The first theory put forward was that Bentley had set himself on fire with his pipe, but his pipe was still on its stand by the bed in the next room. Perplexed, the coroner could only record a verdict of "death by asphyxiation and 90 percent burning of the body."

Joe Nickell, in his book Secrets of the Supernatural, gives an account of this event he got from Larry E. Arnold's article "The Flaming Fate of Dr. John Irving Bentley," printed in the Pursuit of Fall 1976. Nickell mentions that the hole in the bathroom floor measured 2½ feet by 4 feet, and details the remains as being Bentley's lower leg burned off at the knee.

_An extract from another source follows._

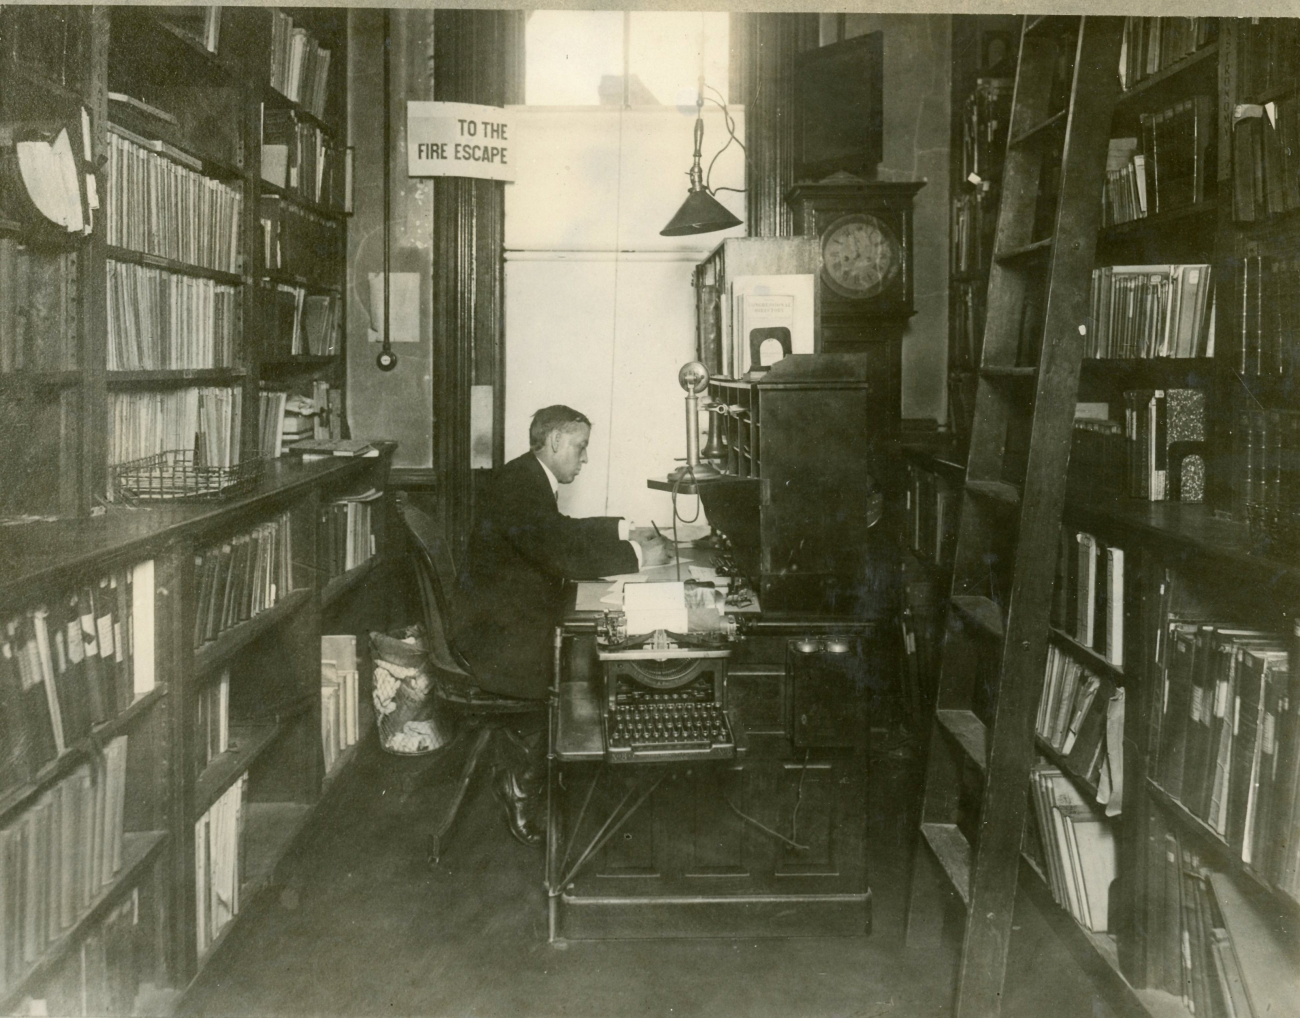 William Masker, Library and Archives Division
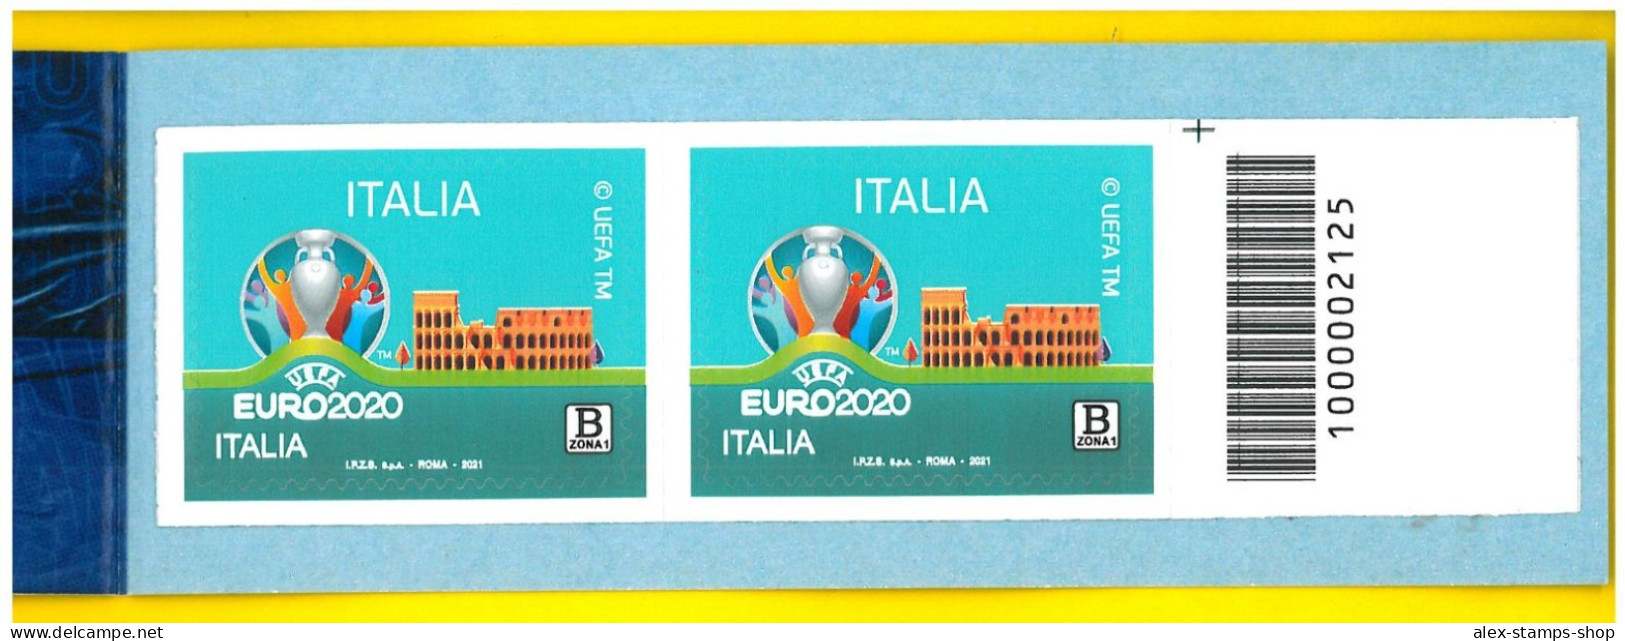 ITALIA 2021 NEW BOOKLET EUROPEAN 2020 - BARCODE NUMBER 023 - Carnets

Nickell mentions that Bentley's robe was found smoldering in the bathtub next to the hole, and that the broken remains of "what was apparently a water pitcher" were found in the toilet; he adds that the doctor had dropped hot ashes from his pipe onto his clothing previously (which "were dotted with burn spots from previous incidents"), and that he kept wooden matches in his pockets which could transform a small ember into a blazing flame.

Nickell believes that Bentley woke up to find his clothes on fire, walked to the bathroom, and passed out before he could extinguish the flames. Then, he suggests that the burning clothes ignited the flammable linoleum floor, and cool air drawn from the basement in what is known as "the stack effect" kept the fire burning hotly.